At 10:26 15/10/99 +0200, Francis Dupont wrote:
> In your previous mail you wrote:
>
> The current 'support' for 8 bit characters in ocaml should be
> deprecated immediately. It is an extremely bad thing to have, since
> Latin-1 et al are archaic 8 bit standards incompatible with the
> international standard for ISO10646 communication, namely
> the UTF-8 encoding.

I do not agree. What we need is not ayatollah dictats, but careful thinking
about evolution of standards.

First of all, ISO-Latin is as international a standard as ISO10646, only a=
 bit
more mature. By essence, international standards are not immediately=
 obsolete,
they are here to stay because we need some stability in a world of sound
engineering, as opposed to the permanent hype which our discipline is
subjected to.

Secondly, the string data type of Ocaml is not about ASCII or ISO-Latin or
whatever. It is a low-level data type of implementation of lists of bytes
of data efficiently represented in machine memory.
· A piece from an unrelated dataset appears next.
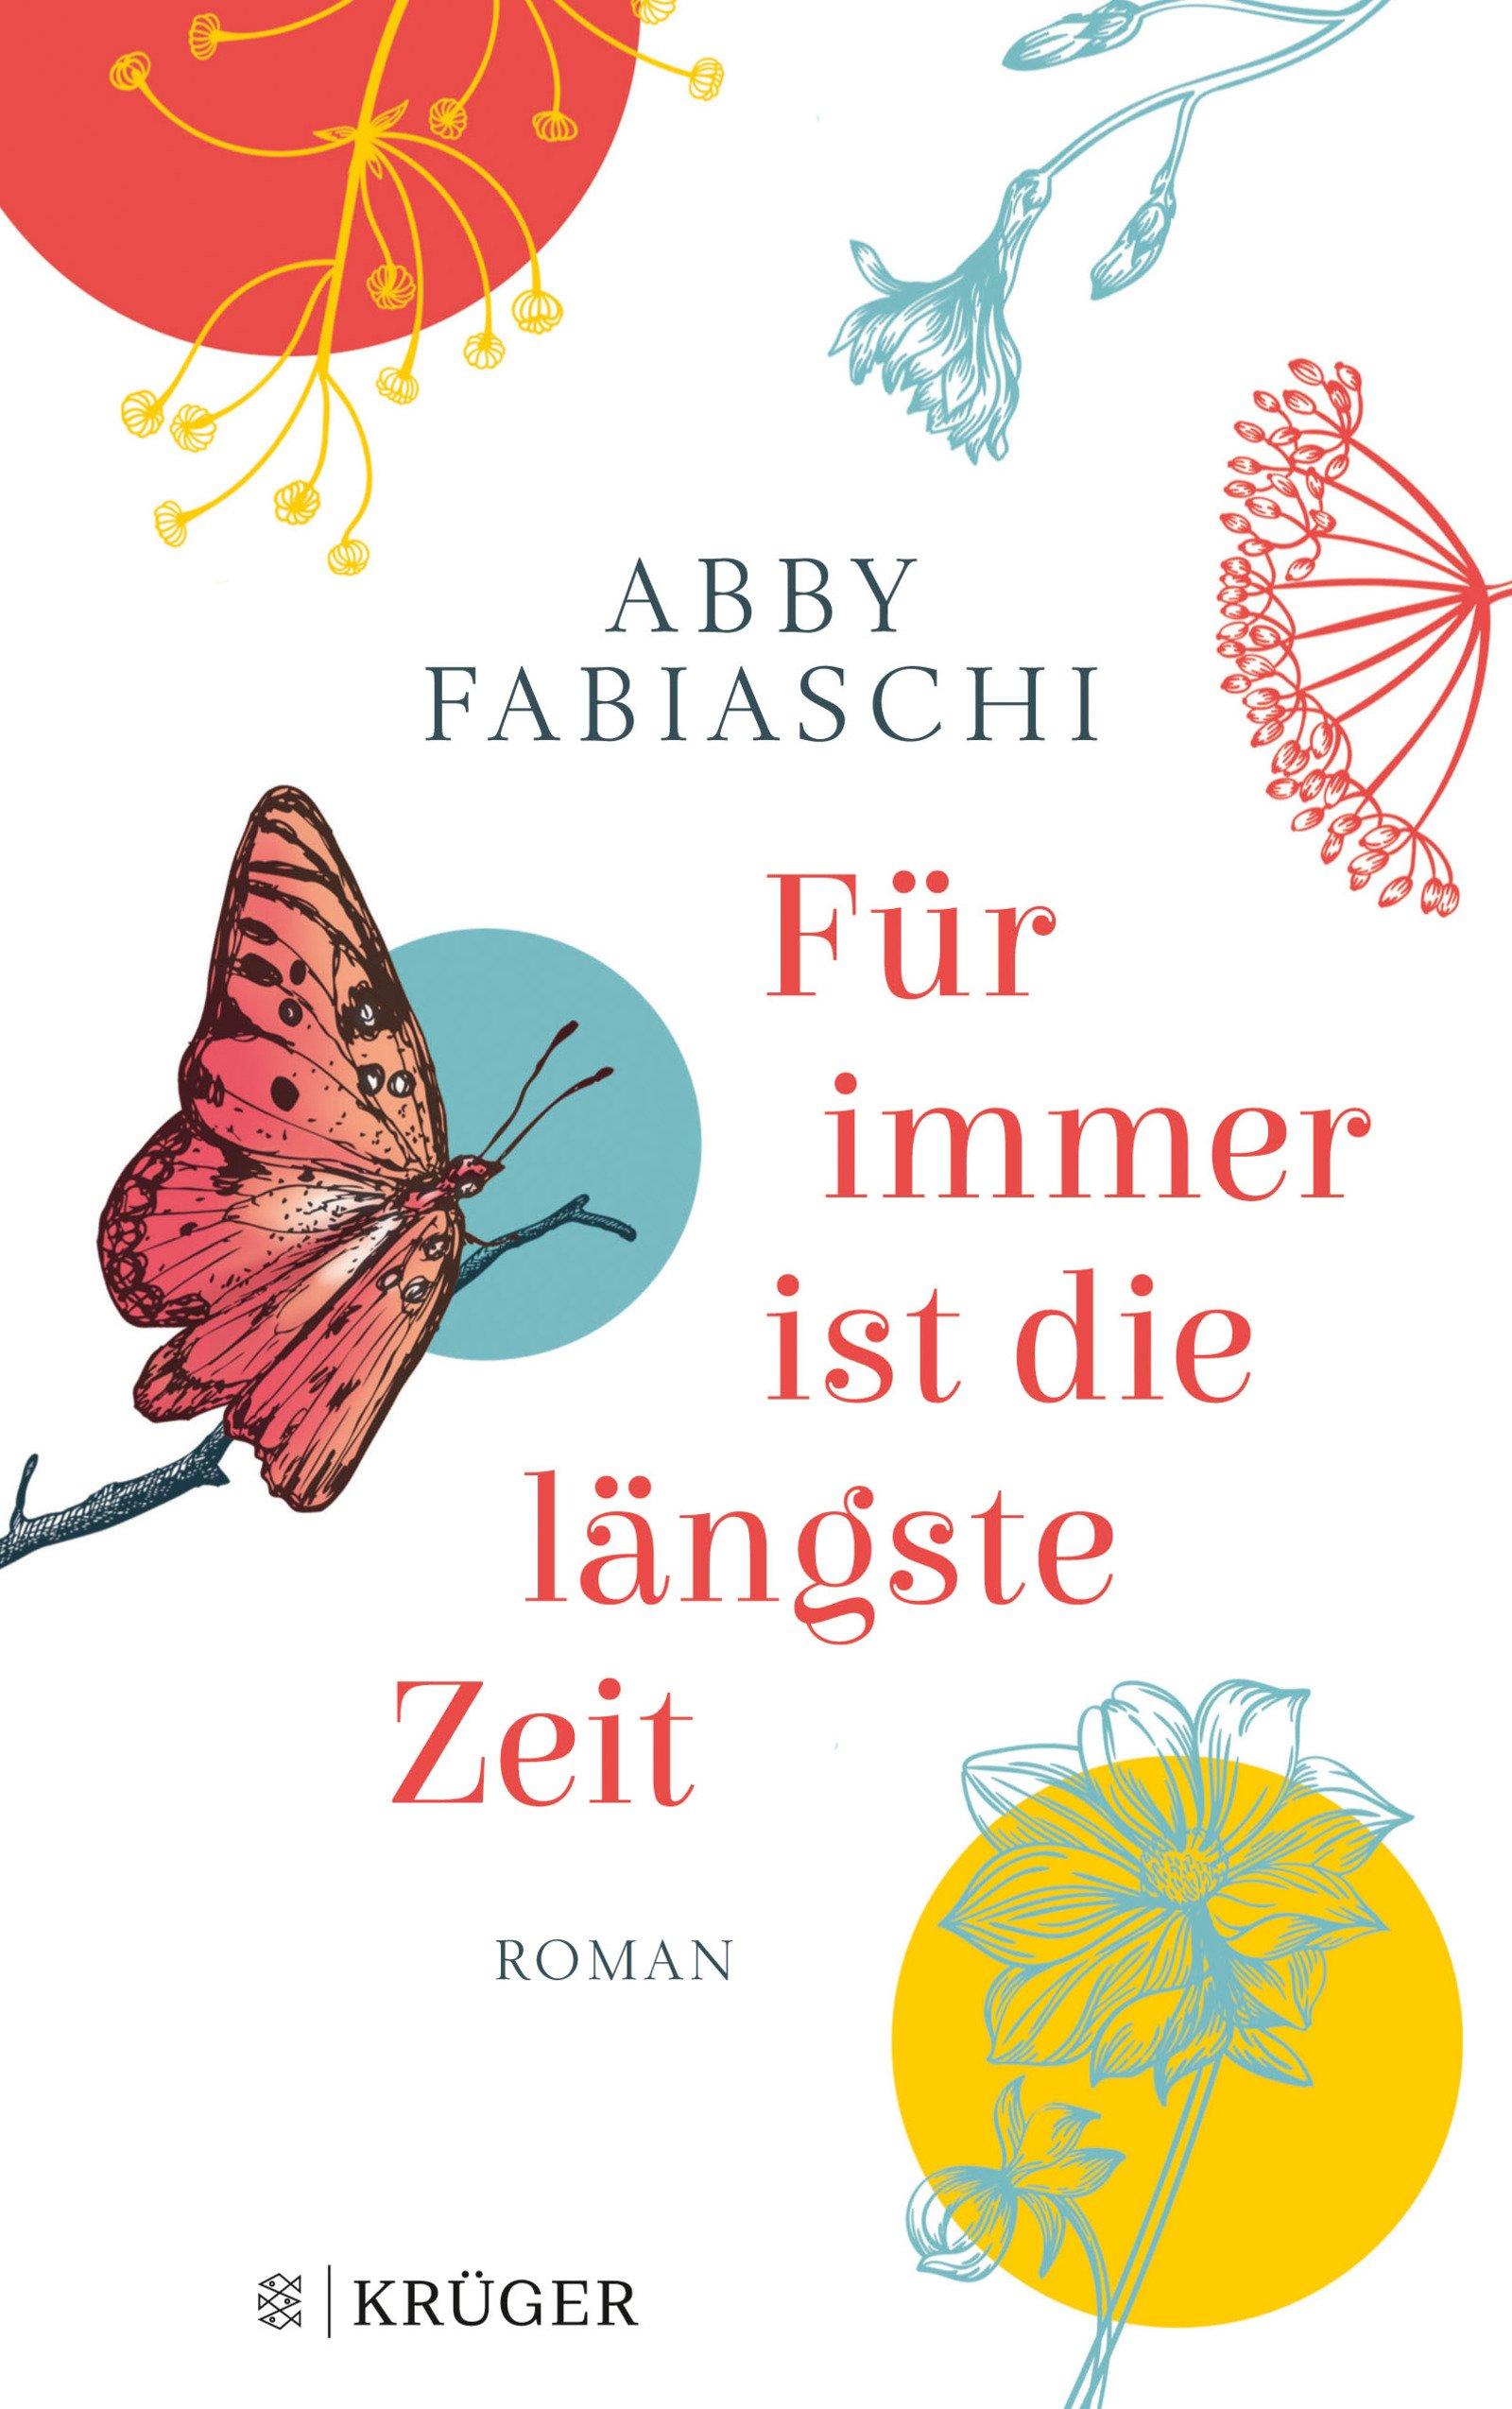 http://www.buecherfantasie.de/2018/03/rezension-fur-immer-ist-die-langste.html

These bytes may be used
for encoding elements of various finite sets such as ASCII or ISO-Latin,
but the string library does not care about such intentions.
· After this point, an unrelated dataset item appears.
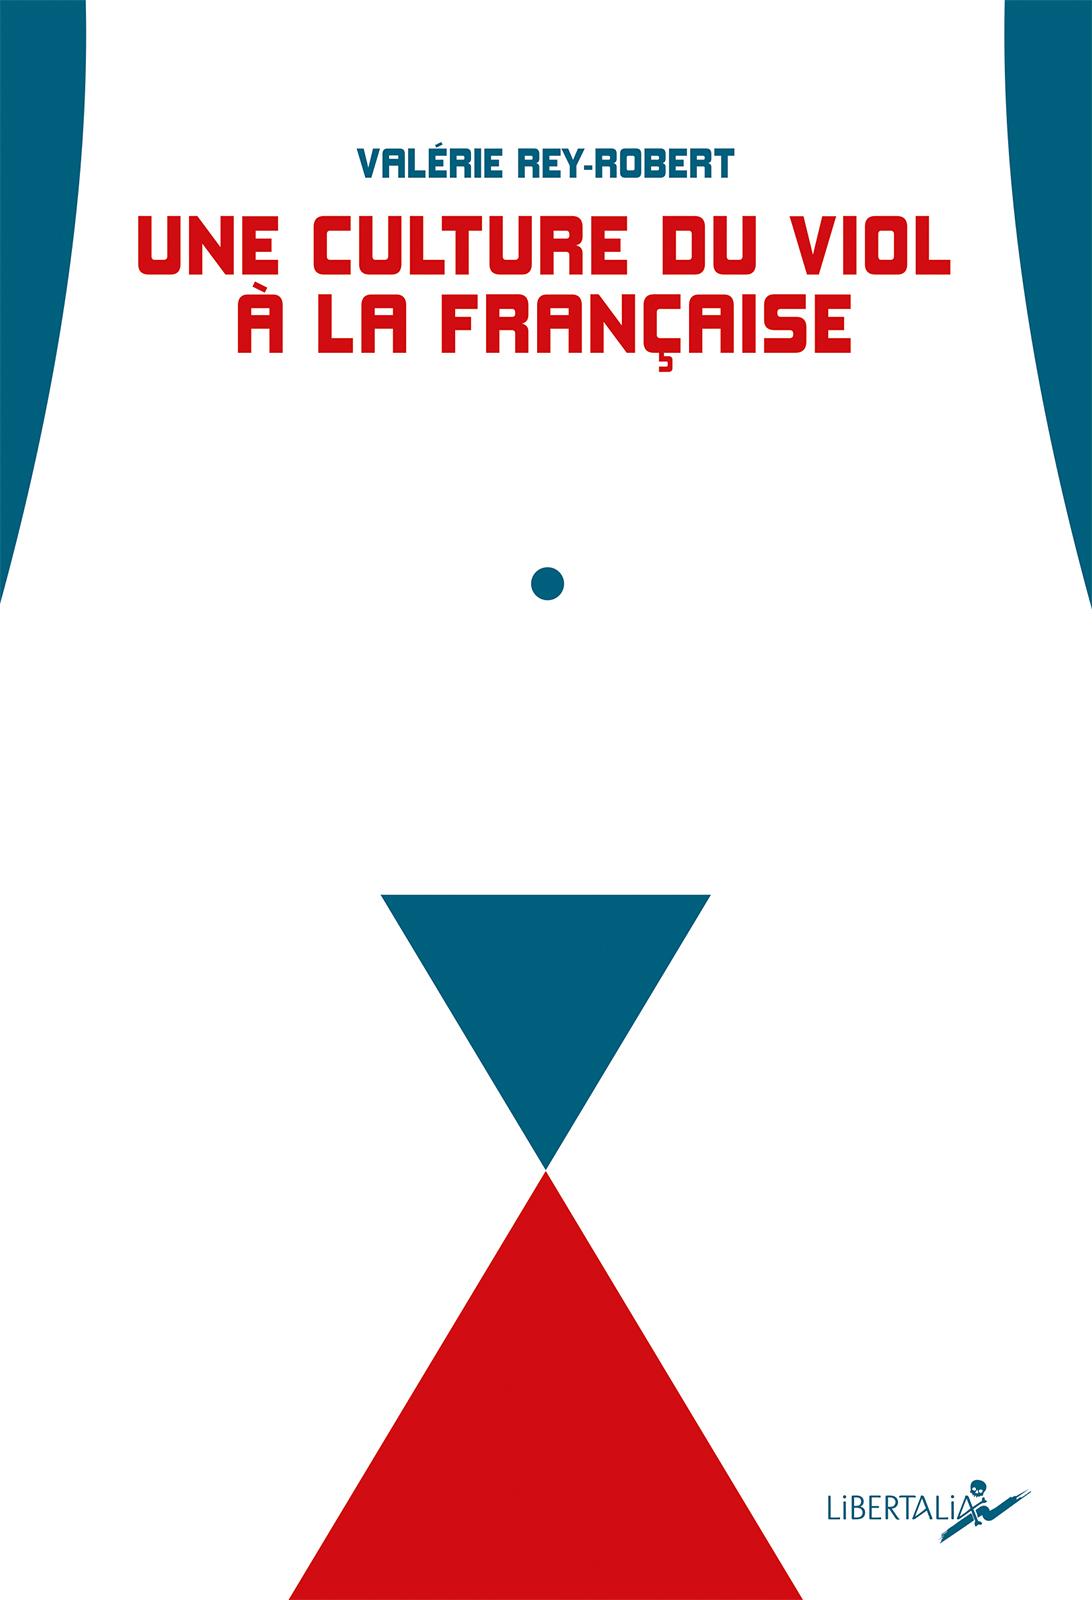 une culture du viol à la française valérie rey-robert libertalia bibliolingus

When such strings are used to represent natural language sentences, there
is a natural tendency to sophistication, from UPPER CASE letters of the
computer printers of old to ASCII to ISO-Latin 1, 2, etc to Unicode. At
some point (256) these sets of codes cannot be represented in a one to one
fashion into bytes, and so multi-bytes representations must be designed,
such as UTF-8.
Such multi-bytes representations are inconsistent with ISO-Latin convention
somewhere, and thus the ISO-Latin character set must be shifted out of its
usual representation since the 8th bit is needed for the multi-byte=
 encoding.

So for instance engineers designing natural language interfaces must make
the choice of sticking to the old convention in a purely local software, or
upgrading their software to the international standard, typically for Web
applications. At some point I am sure some brave soul from the Ocaml
implementation team will write a Unicode library for implementing the
non-trivial manipulations of lists of Unicode characters, so that the above
engineers will have a generic tool to use. Such libraries will typically
implement a NEW datatype of "unistring" or whatever, with proper conversion
to string representations of course, but the string data type is surely
here to stay, because bytes are not going to become obsolete overnight. :-)

>=> there is a rather strong opposition against UTF-8 in France
>because it is not a natural encoding (ie. if ASCII maps to ASCII
>it is not the case for ISO 8859-* characters, imagine a new UTF-X
>encoding maps ASCII to strange things and you'd be able to understand
>our concern).

I do not share Francis' pessimism. The ISO commitees are not entirely
stupid, and care has been taken to make the move as painless as possible.
ISO-Latin has just been shifted by a mere translation. Here is my Ocaml
code for translating strings of ISO-Latin 1 characters to UTF-8 HTML:

let print_unicode c =
    let ascii = int_of_char c in (* test for ISO-LATIN *)
        if ascii < 128 then print_char c (* 7 bit ascii *)
        else print_string ("&#" ^ (string_of_int ascii) ^ ";");

This is hardly mysterious or complicated or inefficient.

>=> my problem is the output of the filter will be no more readable when
>I've put too much French in the program (in comments for instance).

Come on, Francis, we do not read core dumps nowadays, we read through the
eyes of HTML or TeX or whatever !

>=> I believe internationalization should not be done by countries
>where English is the only used language: this is at least awkward...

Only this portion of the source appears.